United States: Cybersecurity Threat Actors Target Data of Businesses Seeking Economic Relief

Keep up to date with Akin Gump Strauss Hauer & Feld's COVID-19 Resource Centre

Cybersecurity threat actors are targeting information of businesses seeking assistance during this time of crisis. For example, last week the Small Business Administration (SBA) reported a suspected data breach, affecting close to 8,000 applicants to the Economic Injury Disaster Loan Program. The SBA said that the personal information of more than 7,913 business owners who applied for disaster loans was possibly seen by other applicants. The data breach comes as the SBA is grappling with a sharp increase in phishing emails that are using the SBA's name claiming to offer relief for small businesses. Currently, the SBA is unable to accept new applications for the Economic Injury Disaster Loan, based on available appropriations funding.

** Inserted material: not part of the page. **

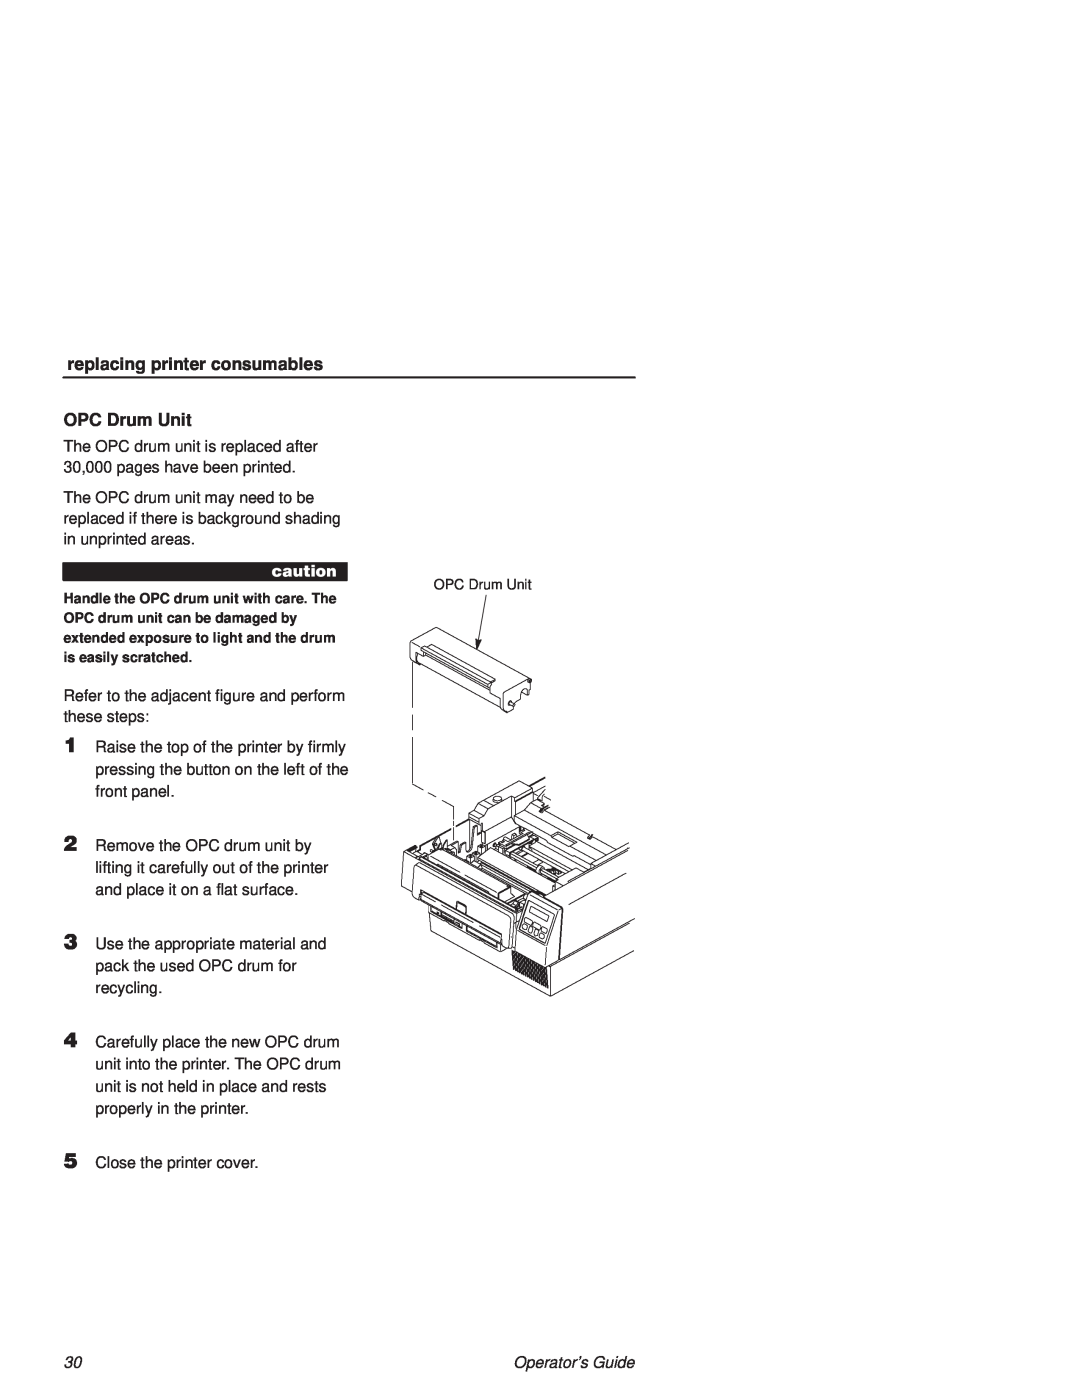 Printronix L1524 manual replacing printer consumables, OPC Drum Unit

The FBI has warned of increased cyberattacks and fraud schemes related to COVID-19.  Business email compromise is also anticipated to rise as a result of the pandemic, with more than 1200 complaints already reported to the FBI related to COVID-19 fraud. As companies have shifted to remote work, they should adopt heightened cybersecurity protections, as suggested by the FBI:

Do:

• Select trusted and reputable telework software vendors; conduct additional due diligence when selecting foreign-sourced vendors.
• Restrict access to remote meetings, conference calls or virtual classrooms, including the use of passwords if possible.
• Beware of social engineering tactics aimed at revealing sensitive information. Make use of tools that block suspected phishing emails or allow users to report and quarantine them.
• Beware of advertisements or emails purporting to be from telework software vendors.
• Always verify the web address of legitimate websites or manually type it into the browser.

Don't:

• Share links to remote meetings, conference calls or virtual classrooms on open websites or open social media profiles.
• Open attachments or click links within emails from senders you do not recognize.
• Enable remote desktop access functions like Remote Desktop Protocol (RDP) or Virtual Network Computing (VNC) unless absolutely needed.